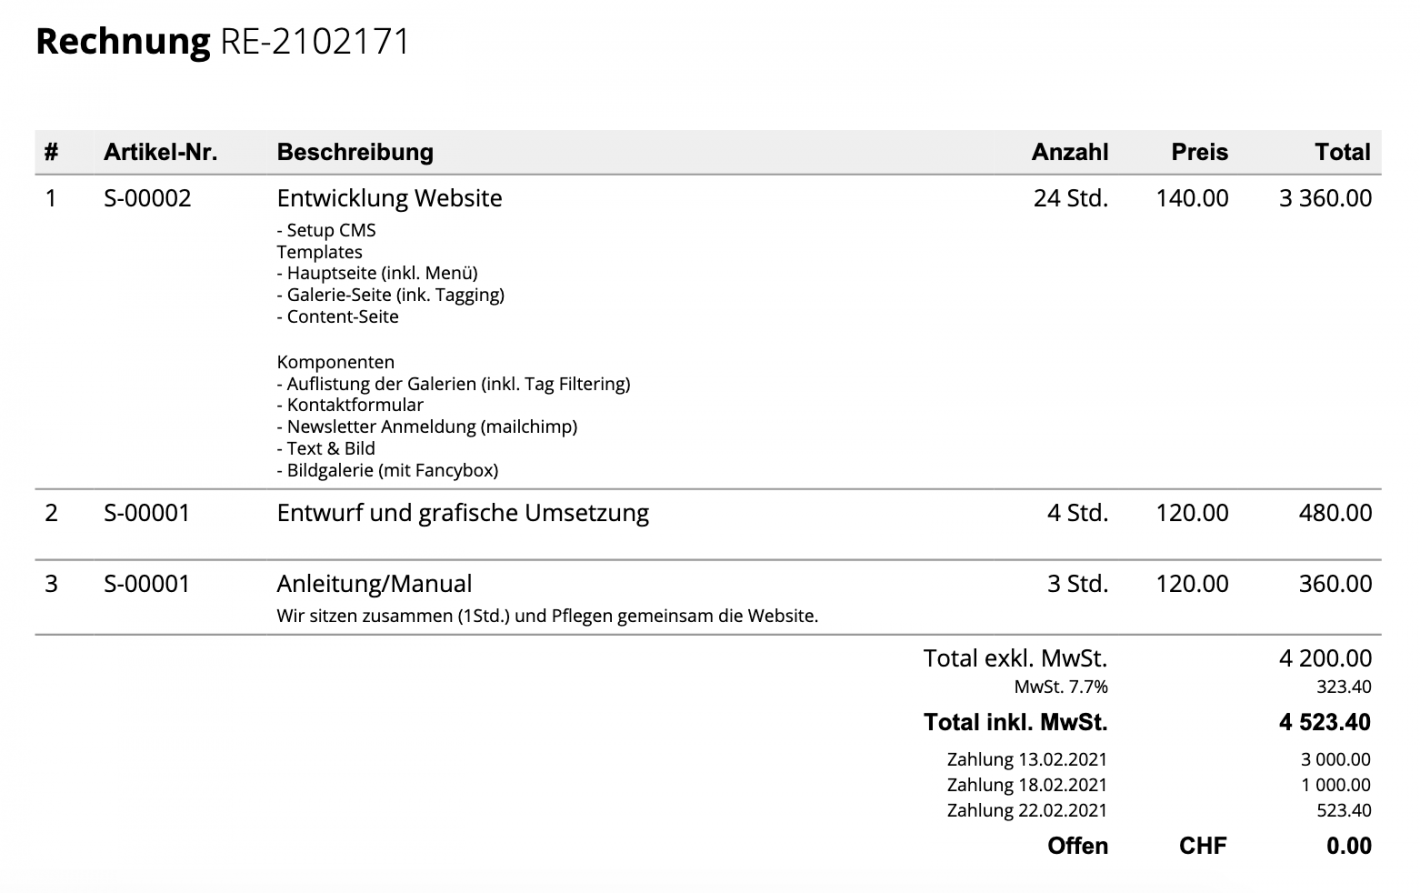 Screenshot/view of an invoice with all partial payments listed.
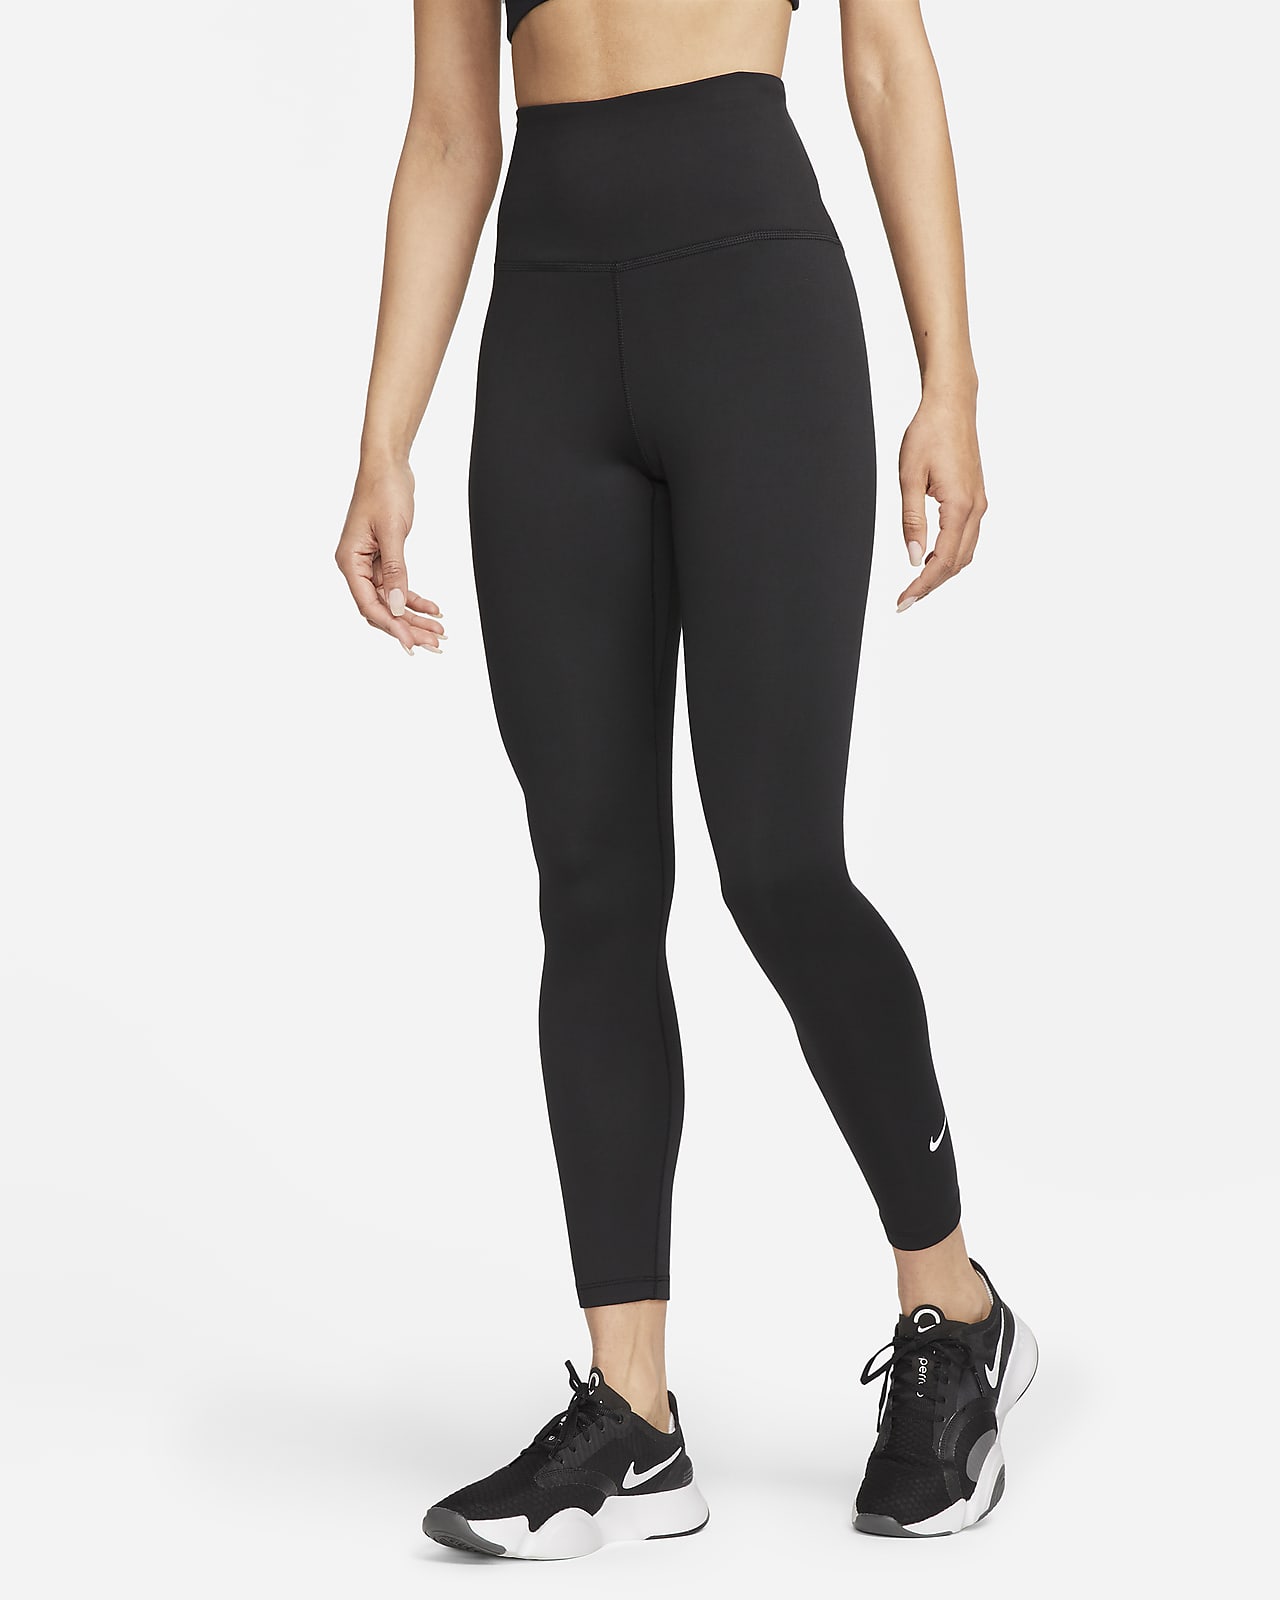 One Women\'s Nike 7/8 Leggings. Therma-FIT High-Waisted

● ● ● ●

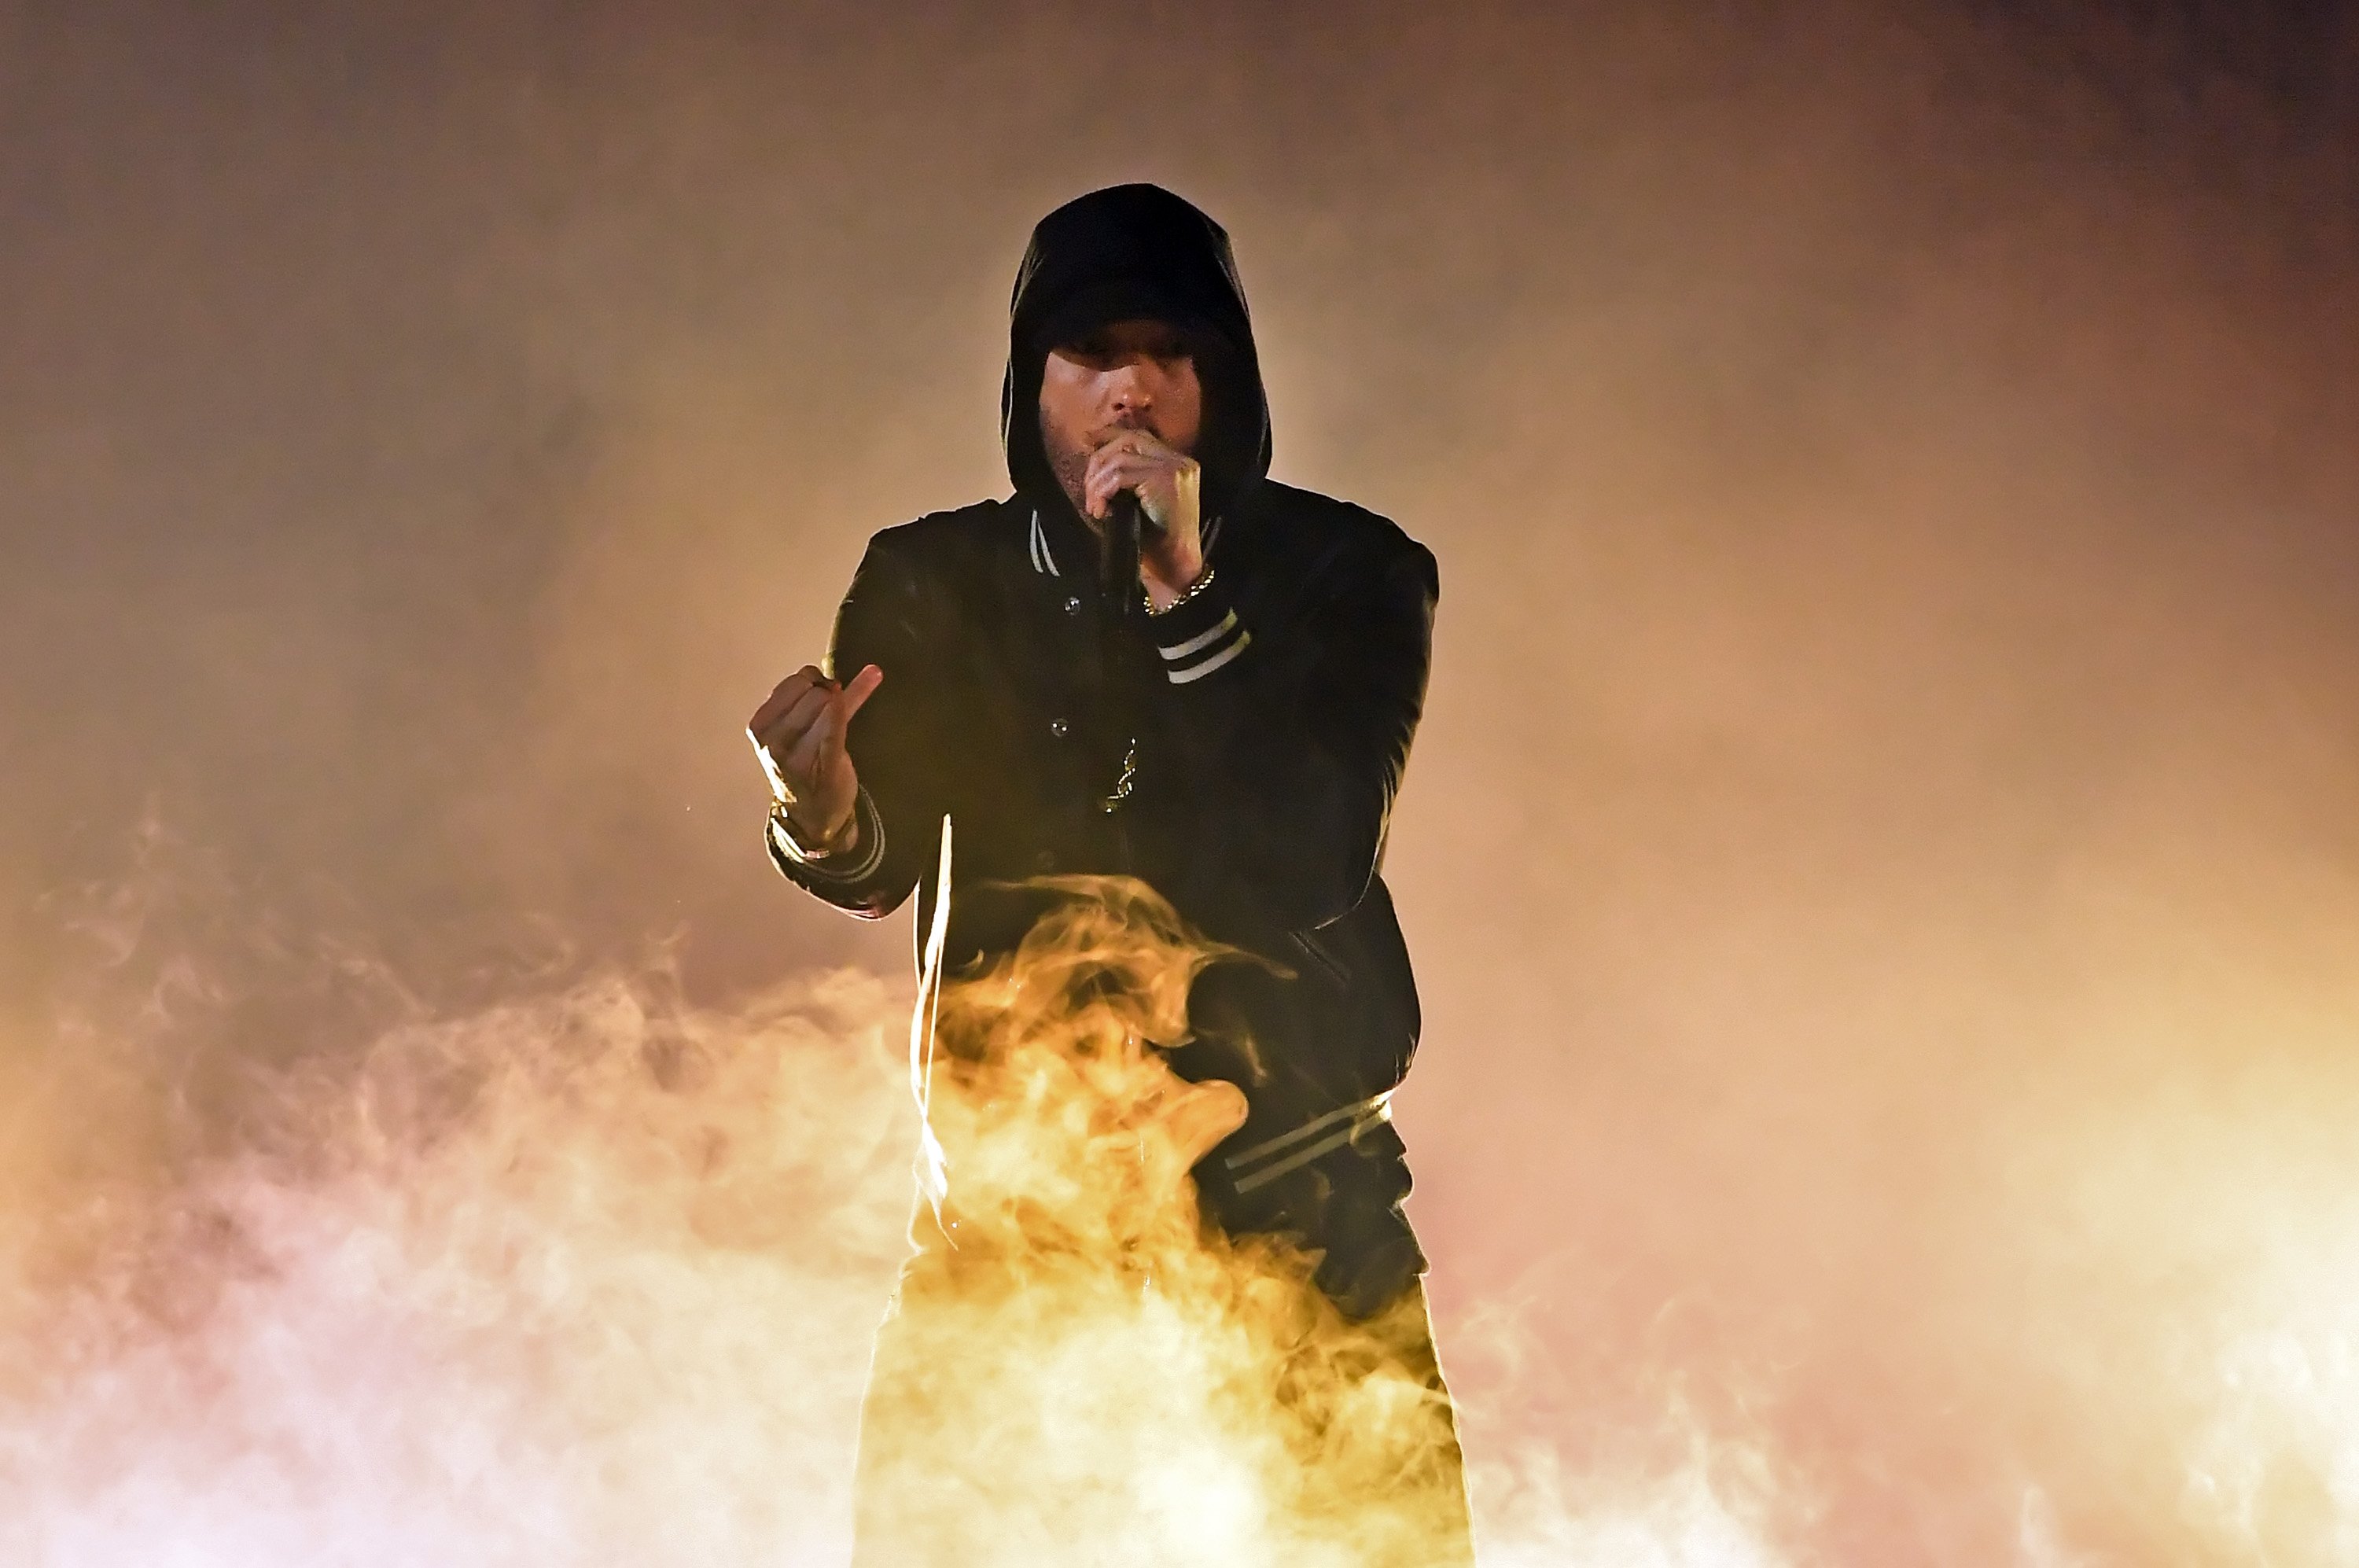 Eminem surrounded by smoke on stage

● ● ● ●

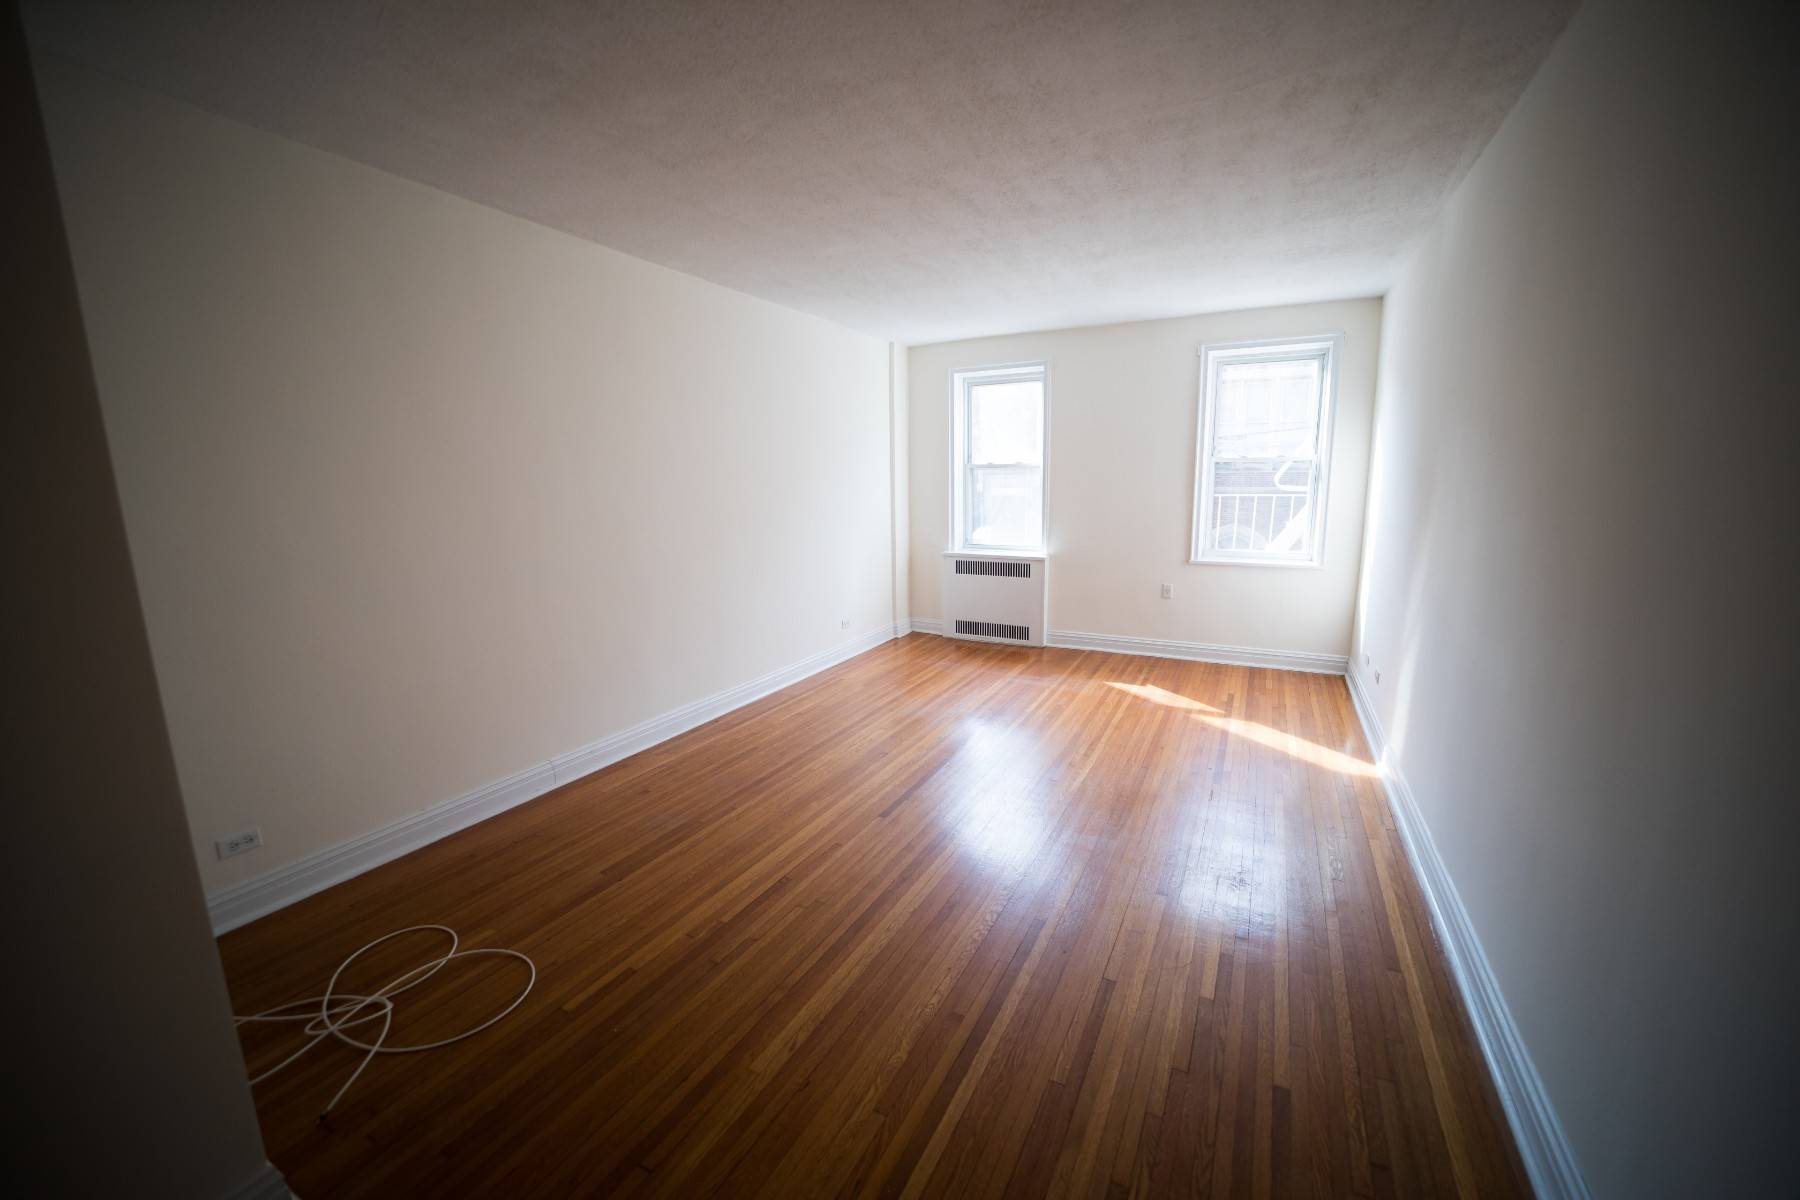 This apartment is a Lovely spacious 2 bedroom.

● ● ● ●

From the records above, copy only the lines running from the line holding "Screenshot/view of an" through the line holding "One Women\'s Nike", with no pictures.

 Screenshot/view of an invoice with all partial payments listed.
 One Women\'s Nike 7/8 Leggings. Therma-FIT High-Waisted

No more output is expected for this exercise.